曾天強道:“我說你才不要臉!”他猛地一步竄出,“呼”地一拳,已當胸打出,拳風呼呼,那一拳的去勢,居然十分勁疾。

卓清玉身子不側,避了開去,面色氣得煞白,道:“你是不要臉,是不要了吧……”

曾天強呆了一呆,心知卓清玉一定也是早已到了,自己和施冷月之間的對話,只怕全已被她聽到了。但自己並沒有和施冷月講些什麽,光明正大,更絕沒有什麽見不得人的話,又何勞她這樣出氣?

他當下冷笑了幾聲,道:“卓姑娘,哪怕我和下三濫的淫娃在一起,幹你甚事?”

卓清玉陡地一窒,大聲叫道:“本來就不幹我事。”

曾天強道:“那麽你何必罵我不要臉,只怕是你自己不要臉,想我踩你,我偏不踩你!”

曾天強這兩句話一講出口來,陡然之間,也覺得自己講得太過分了些。但是話已講出了口,他卻絕沒有表示歉意的意思。

卓清玉的面色,刷地變得十分青白,緊接著,又漲成紫色,那顯得她的心中,怒到了極點,她雙眼之中,怒火迸射,望著曾天強。

卓清玉望了曾天強好半晌,才冷冷地道:“曾天強,你也未免在擡舉自己了。”

聽得她的聲音,異乎尋常的平靜,曾天強的心中,才略略放心了些,心想或者她的心中並不怎樣惱怒,若是她恨極了自己的話,那麽以她那種有仇必報的性格來說,倒也是一件天大的麻煩。

曾天強只聽得卓清玉語音平靜,便以為沒有什麽事情了,卻不料他估錯了,正因為卓清玉是一個極易記仇的人,所以到了恨極之際,在表面上反倒看不出什麽跡象來了。當下,曾天強仍然冷笑道:“那也不見得,總不成我自己糟蹋了自己!”

卓清玉又望了他半畠,發出了幾下冷笑聲,便向前走了出去。曾天強本來想問她要到什麽地方去的,在這樣的情形之下,自然也不便再問了。

卓清玉假裝若無其事地向前走著,去勢也不十分快,那是她好強,不願意被曾天強看到她心中的痛恨和傷心的緣故。

她每向前走出一步,都要竭力忍著,使自己的身子不至於發抖。

她緊緊地咬著下唇,而在一轉過身的時候,她的眼淚早巳忍不住,而撲簌簌地落下了來。她堅持著慢慢地走出了半裏許,才轉過頭去,只見身後空無一人了,她的身子才因為氣憤而發起抖來,她抱住了一根石筍,用力一拔,竟將那根石筍拔了起來。

她抱著石筍,猛地一挺身子,將石齊拋了出去,叫道:“我要殺他,我要殺死他!”

她雙掌亂飛,不管是樹是石,只是瘋了似的,一掌一掌地擊了上去,一面打著,一面叫道:“我要殺死他,我要他的命!”她身子向前沖著,在不知不覺間,闖進了一大叢開著紫色花朵的矮樹之中,經她瘋了似的一陣亂闖,幾乎將那一片矮樹連根拔了起來!

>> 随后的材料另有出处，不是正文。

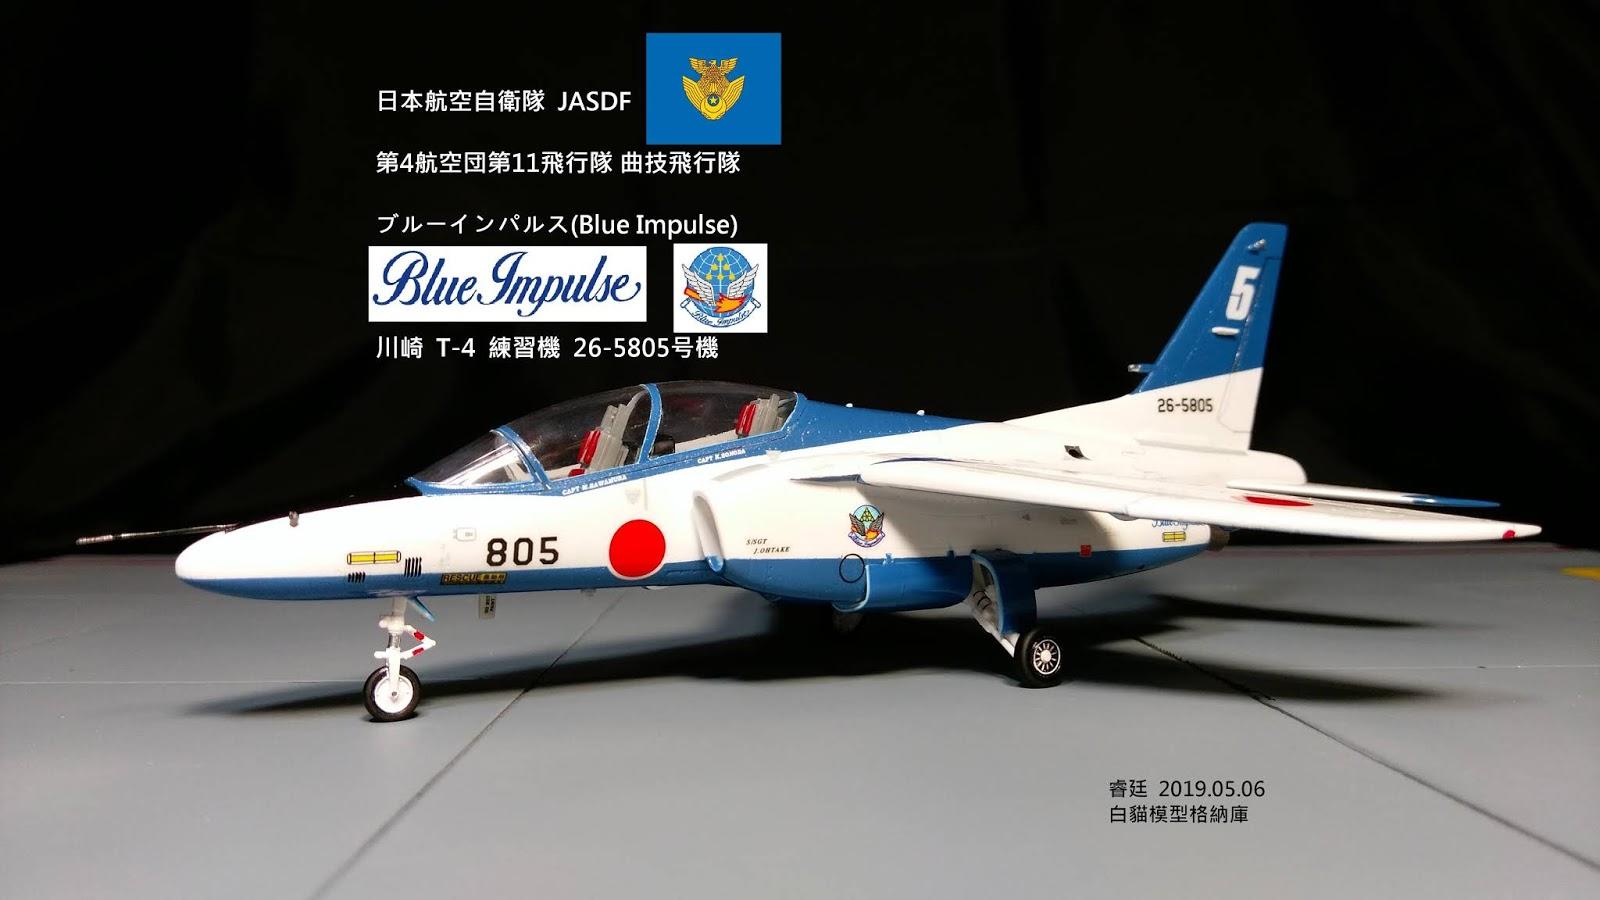 白貓模型格納庫 Kawasaki T 4 26 5805號機日本航空自衛隊jasdf Blue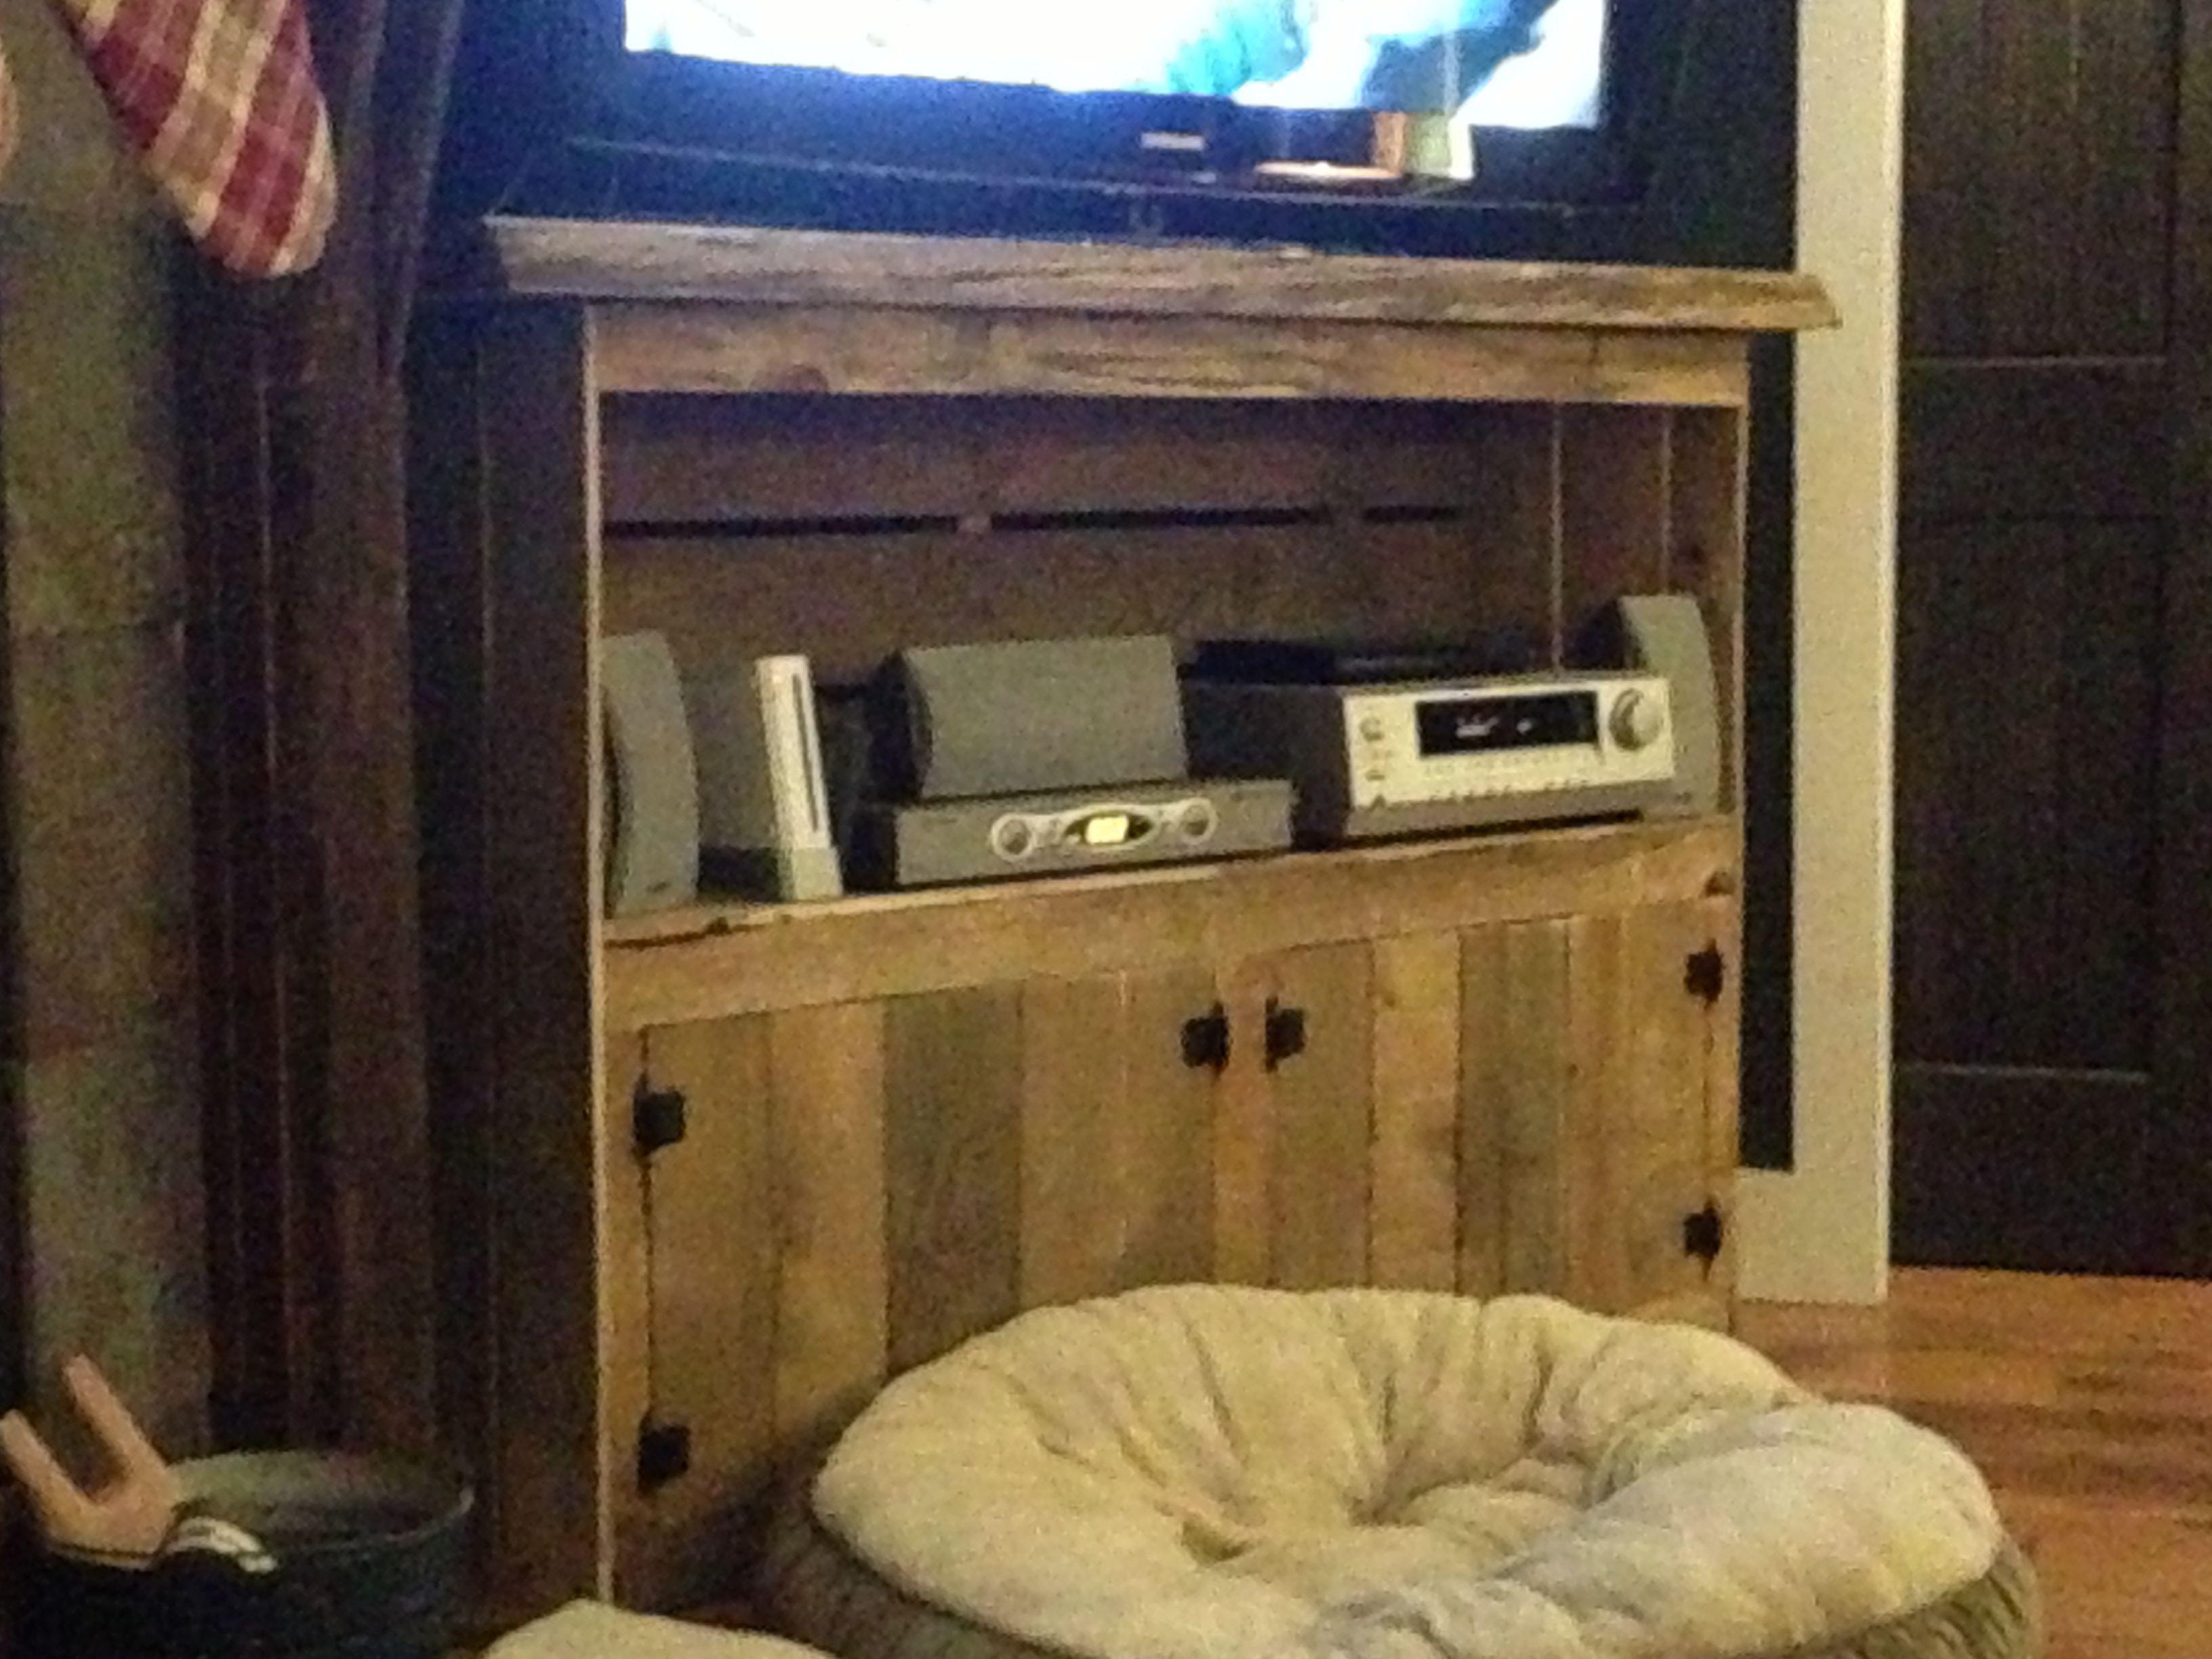 17 Beste Ideer Om Skid Furniture På Pinterest | Pallemøbler, Pallet Sofa Og  Pallet Ideas

她心頭的怒氣,這時總算宣洩了不少,她停了下來,不住地喘氣。

也就在這時,忽然聽得她身邊,傳來了一個冷冷的聲音,道:“你要殺了他,為何不去動手,卻站在這裏高叫怪嚷?”

那聲音來得極其突然,卓清玉陡地轉過身來,只見道旁一個枯樹樁上,坐著一個人。那人發如亂蓬,身上的衣服,也十分破爛。

最令人難解的,是在那個枯樹樁上,爬著不少野藤,可是野藤竟一直爬到了他的身上!看來像是那人坐在枯樹上已有好多年了一樣。

那人面上,也滿是汙垢,只有一只眼睛,在閃閃生光,另一只眼睛似乎也瞎了。若不是他剛才曾口吐人言,見到這樣的獨目怪人,只當他是山精鬼魅了……

卓清玉吸了一口氣,道:“你是誰?”

那人“咕”地一笑,反問道:“你是誰?你師父是誰?你要殺的是誰?”卓清玉知道自己剛才狂叫亂嚷,一定都已被那人聽到了。

她冷冷地道:“我要殺人,是我自己的事情,你管我做什麽?”

那人又笑道:“說得好,這才對我的胃口,本來麽,自己恨的人,若不是自己來殺,怎能解恨?由旁人代庖,那殺了等於不殺!”

卓清玉正在怒火頭上,也未曾在意那人的話中,充滿了邪意,反倒問:“對了,那你問我做什麽?”

那人道:“好,我適才問你三個問題,如今我收回一個,你是誰,你師父是誰?”

卓清玉打量了那人半晌,實是想不出那是什麽人來,心想自己師父反正已經死了,就算講出來,也沒有什麽關系。

她略想了一想,便道:“我師父是武林四神禽之一,銀鵡白修竹。”

那人一聽到“武林四禽”四字,滿頭亂發,突然倒豎了起來,他發長可長五尺,根根倒豎,其直如針,那模樣之怪異,實是難以形容,嚇得卓清玉“騰”地退出了一步,道:“你……你……”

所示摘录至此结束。